Réduire la compréhension du passé, délégitimer la culture historique, c’est aussi s’en prendre à la citoyenneté. Lorsqu’il s’agit de se prononcer plusieurs fois par an sur des objets en votation, il faut maîtriser le système politique et ses enjeux, ce que l’étude du passé permet justement de réaliser. C’est ce qu’exige l’examen de citoyenneté pour l’obtention du passeport suisse. Une consolidation des apprentissages historiques constitue sans doute une nécessité face à la propagation des fausses nouvelles sur les réseaux sociaux.

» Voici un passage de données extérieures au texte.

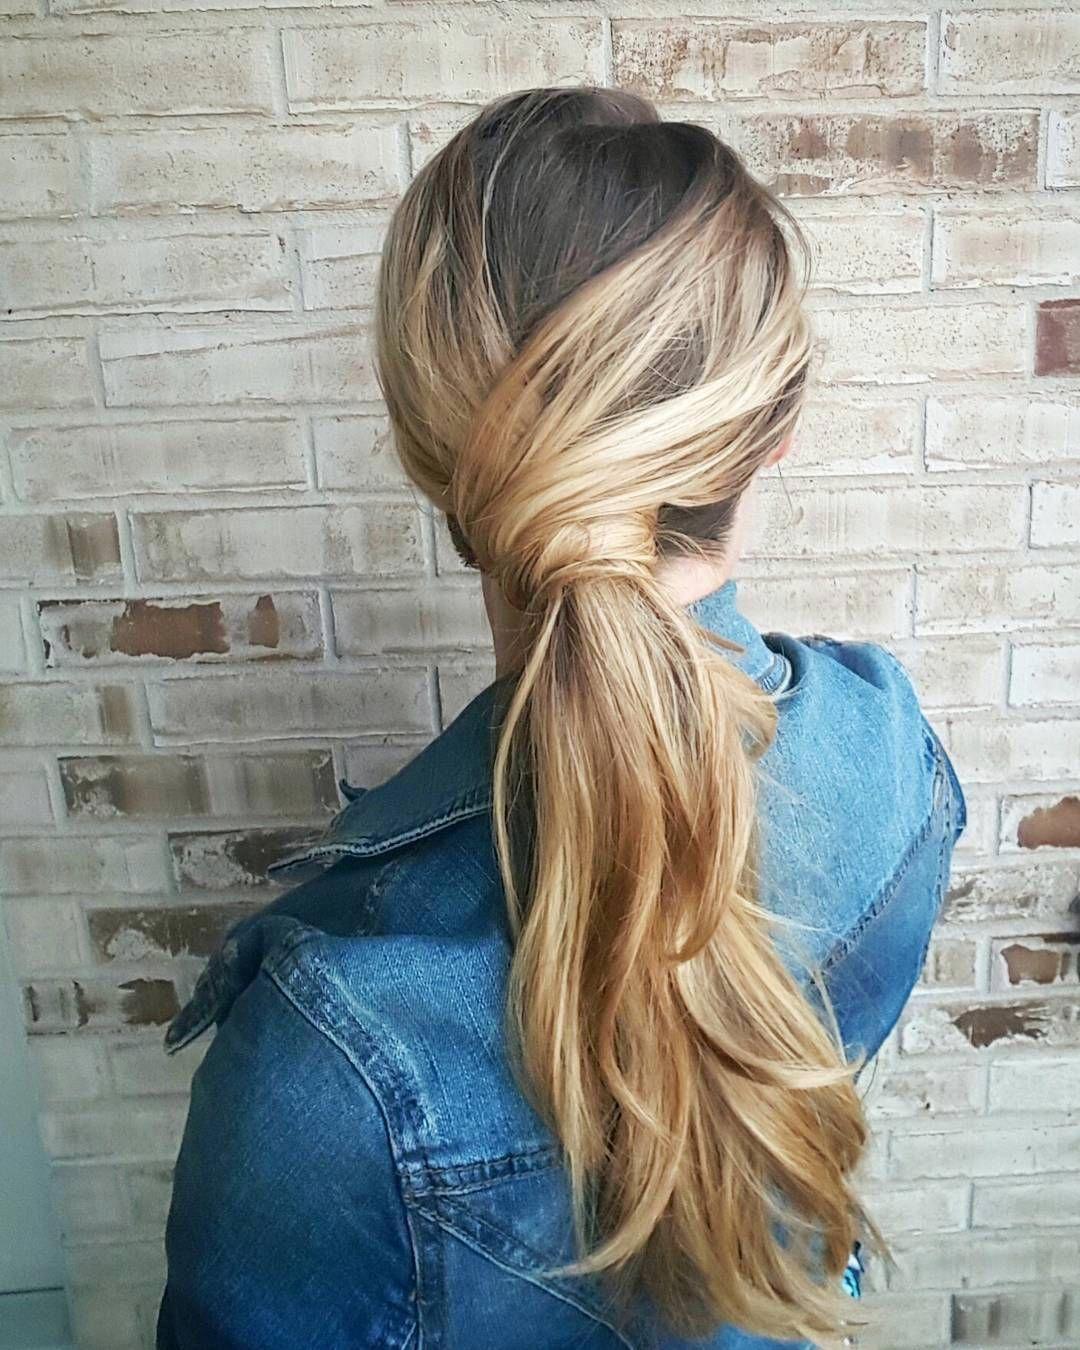 Diy Wedding Guest Hair: Stunning Long Length Hair Care #edgylonghairstyles

S'armer contre la discrimination

L’école vit un étrange paradoxe. L’étude de l’histoire passionne un large public. Pour preuve, les succès considérables en librairie des publications d’histoire. Toutefois, le temps dévolu en classe à l’analyse du passé ne cesse de se réduire. Il est confortable de croire que cette dynamique ne concerne que le monde professionnel; il n’en est rien. Les révisions en cours au sein des gymnases seront l’occasion de nouveaux arbitrages sur la grille horaire.

La culture historique est une arme contre la discrimination sociale et un puissant désintégrateur à préjugés. Face à ces enjeux politiques et sociaux majeurs, l’histoire doit rester une discipline fondamentale!